ASSIGNMENT: Transcribe the records verbatim, images excluded.

EXERCISE MATERIALS:
|---|

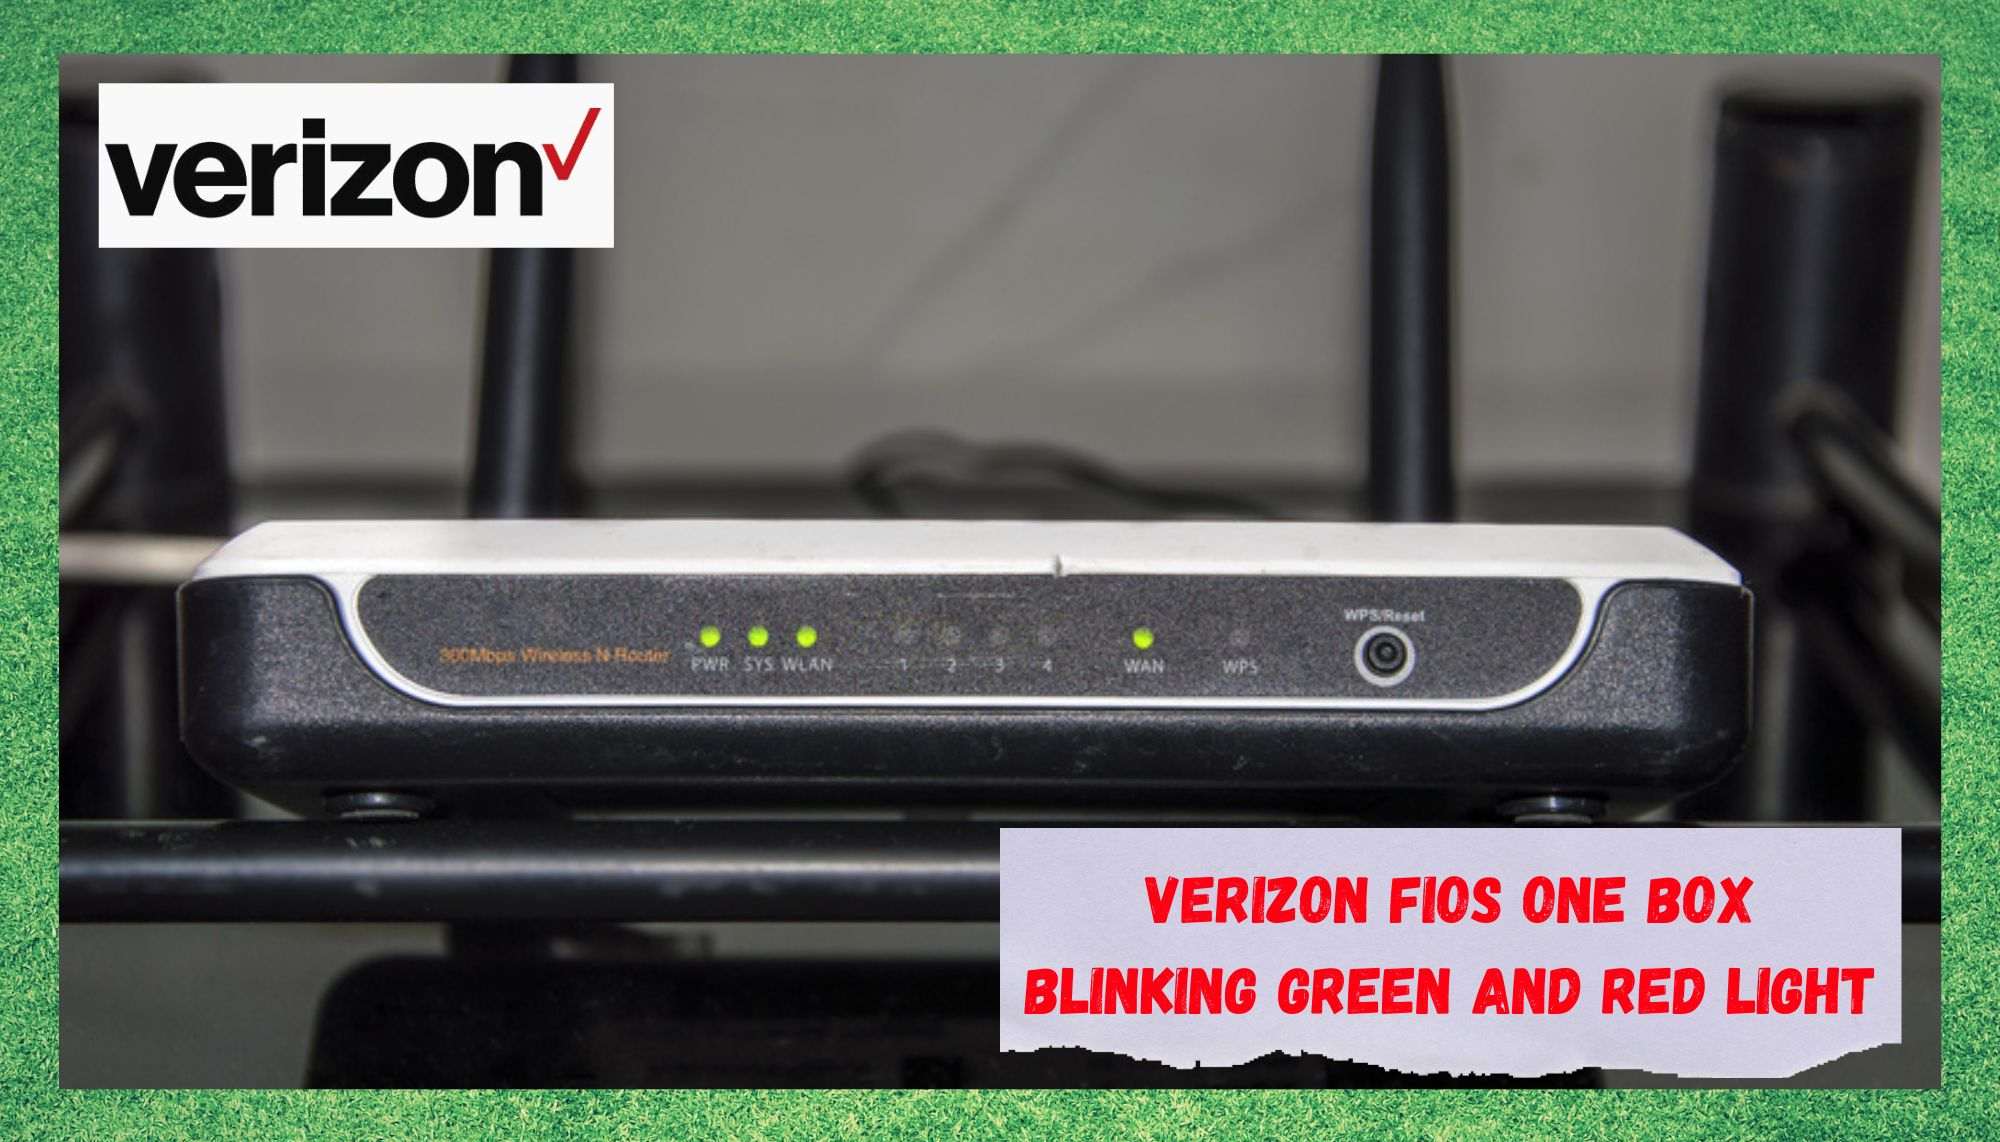 Verizon FiOS One Box yashil va qizil chiroq miltillashining 2 sababi
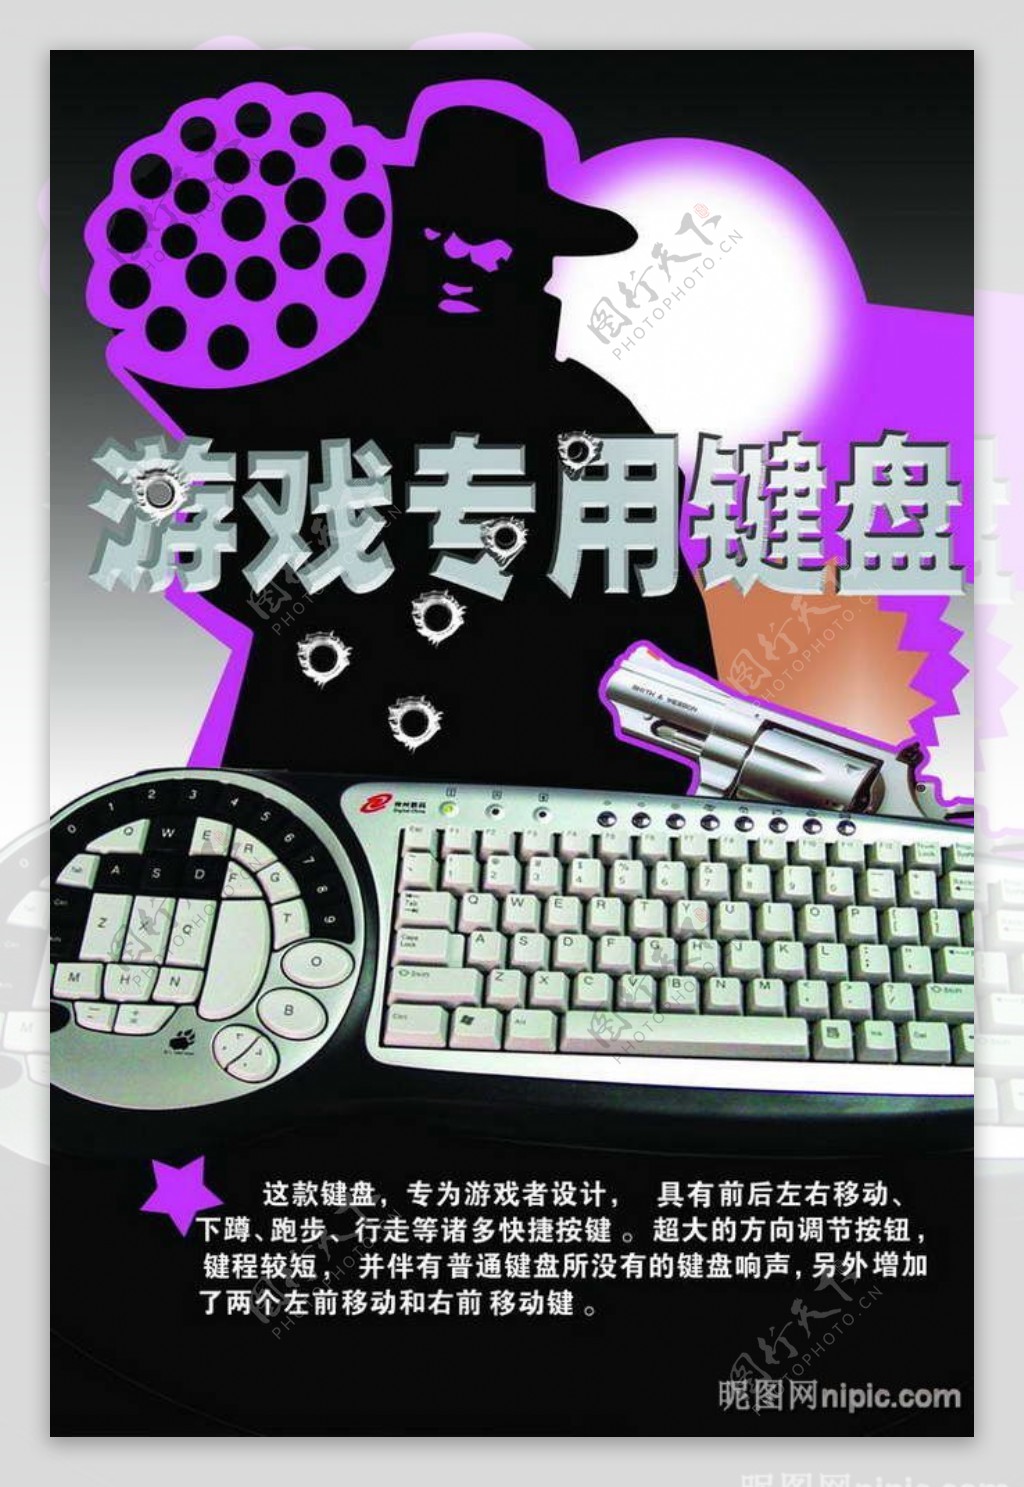 游戏机砖用键盘招贴海报设计PSD模板图片
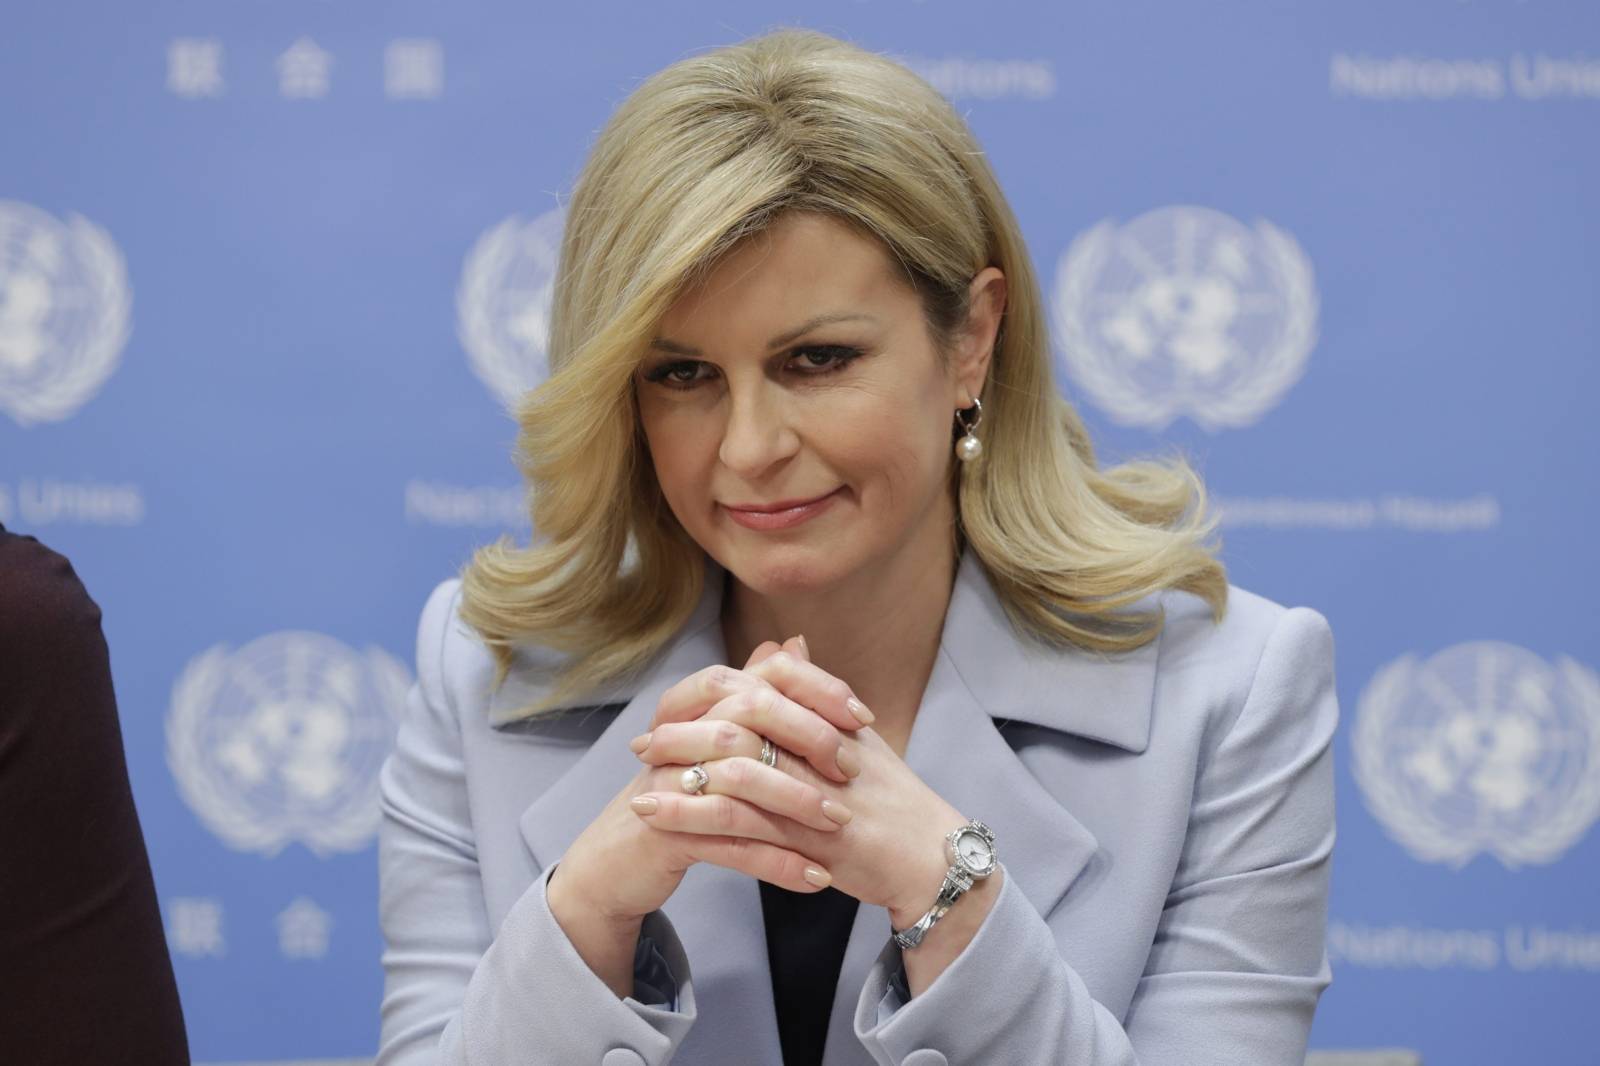 Presser by Kolinda Grabar Kitarovic President of Croatia
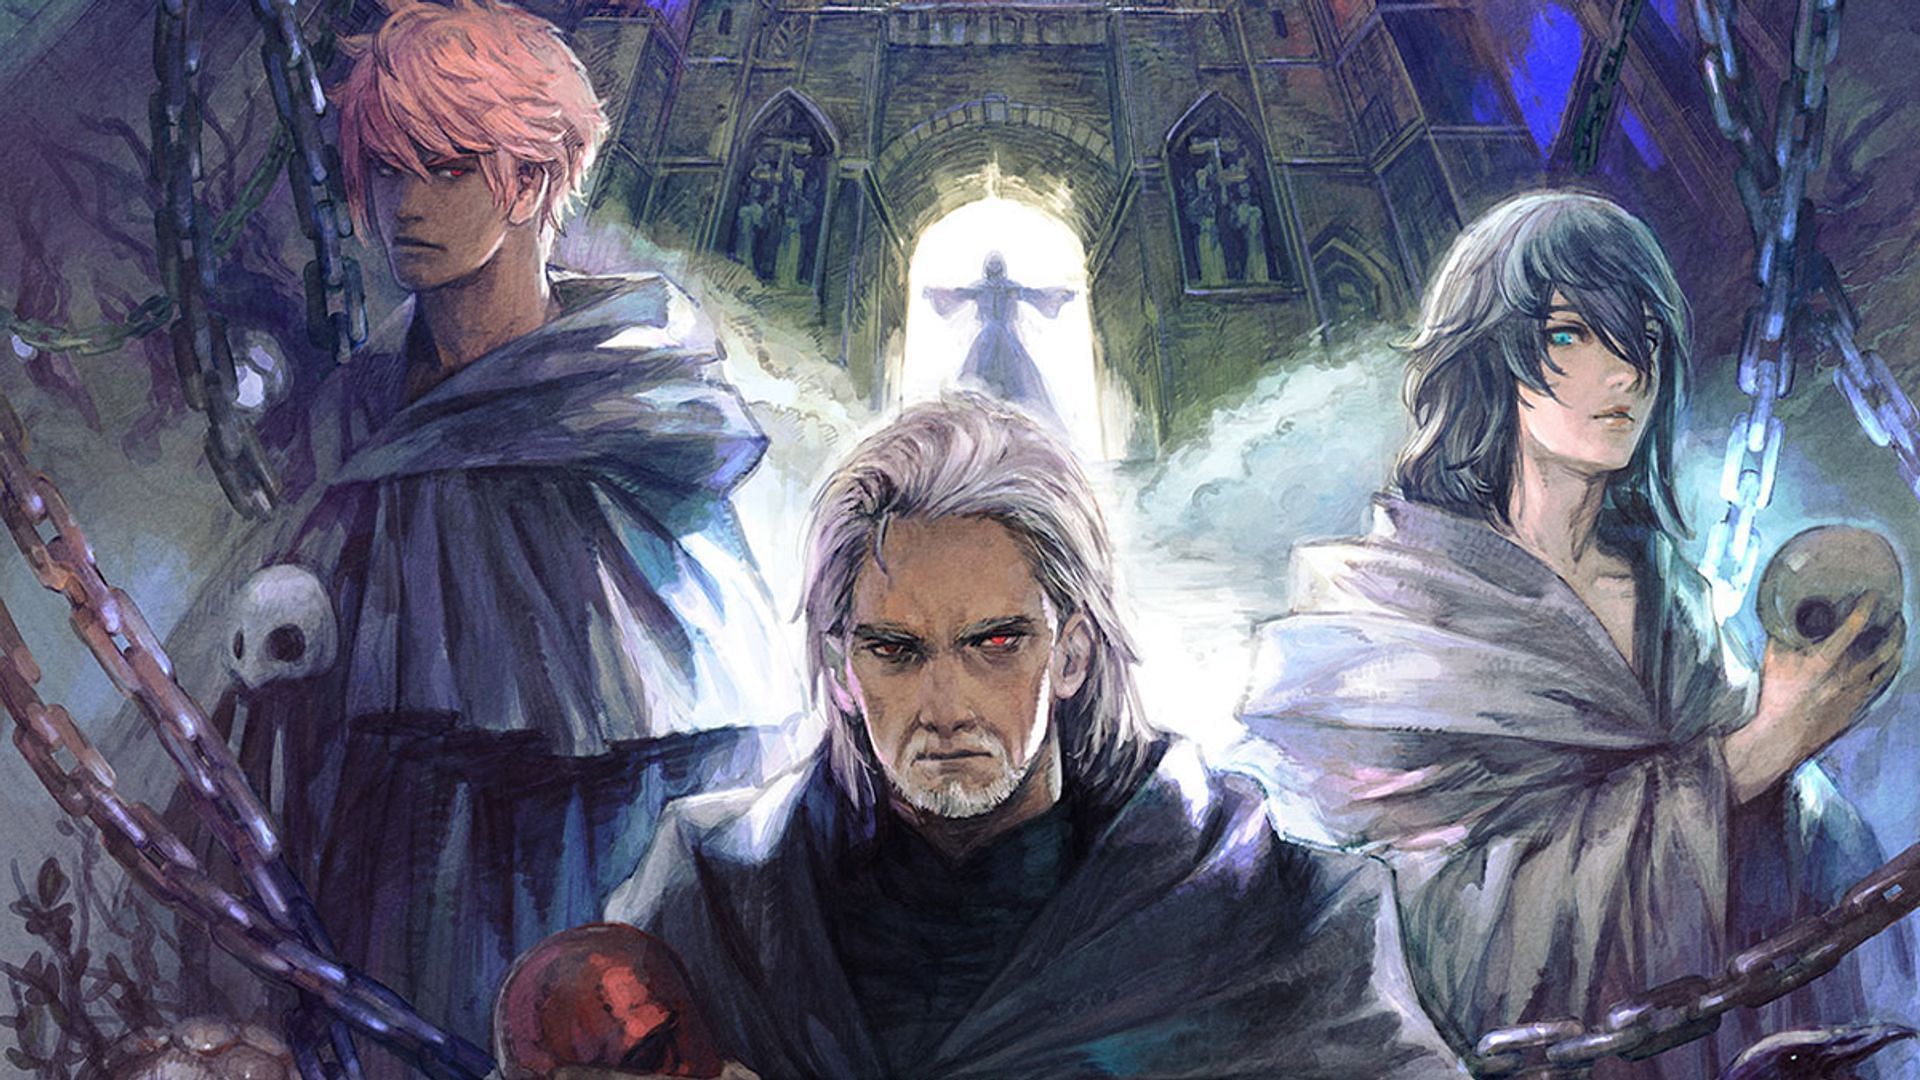 Official artwork for Final Fantasy XIV (Image via Square Enix)
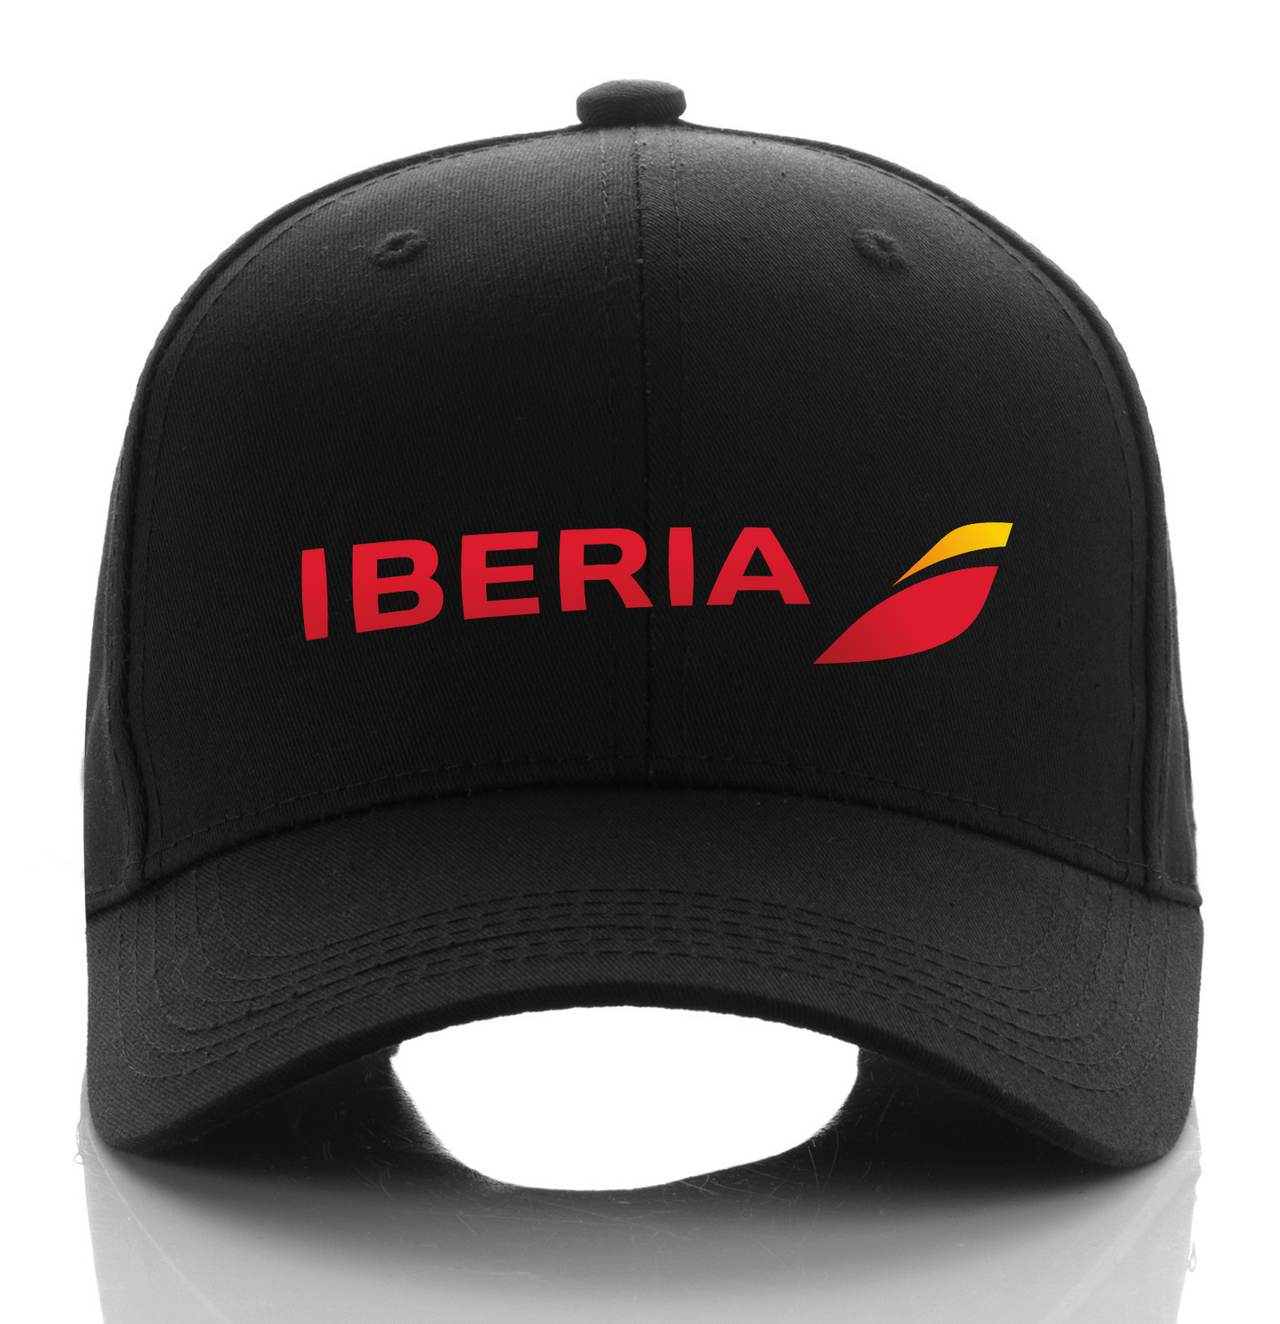 IBERIA AIRLINE DESIGNED CAP

|---|

ANSWER SPACE:
 Verizon FiOS One Box yashil va qizil chiroq miltillashining 2 sababi
 游戏机砖用键盘招贴海报设计PSD模板图片
 Presser by Kolinda Grabar Kitarovic President of Croatia
 Official artwork for Final Fantasy XIV (Image via Square Enix)
 IBERIA AIRLINE DESIGNED CAP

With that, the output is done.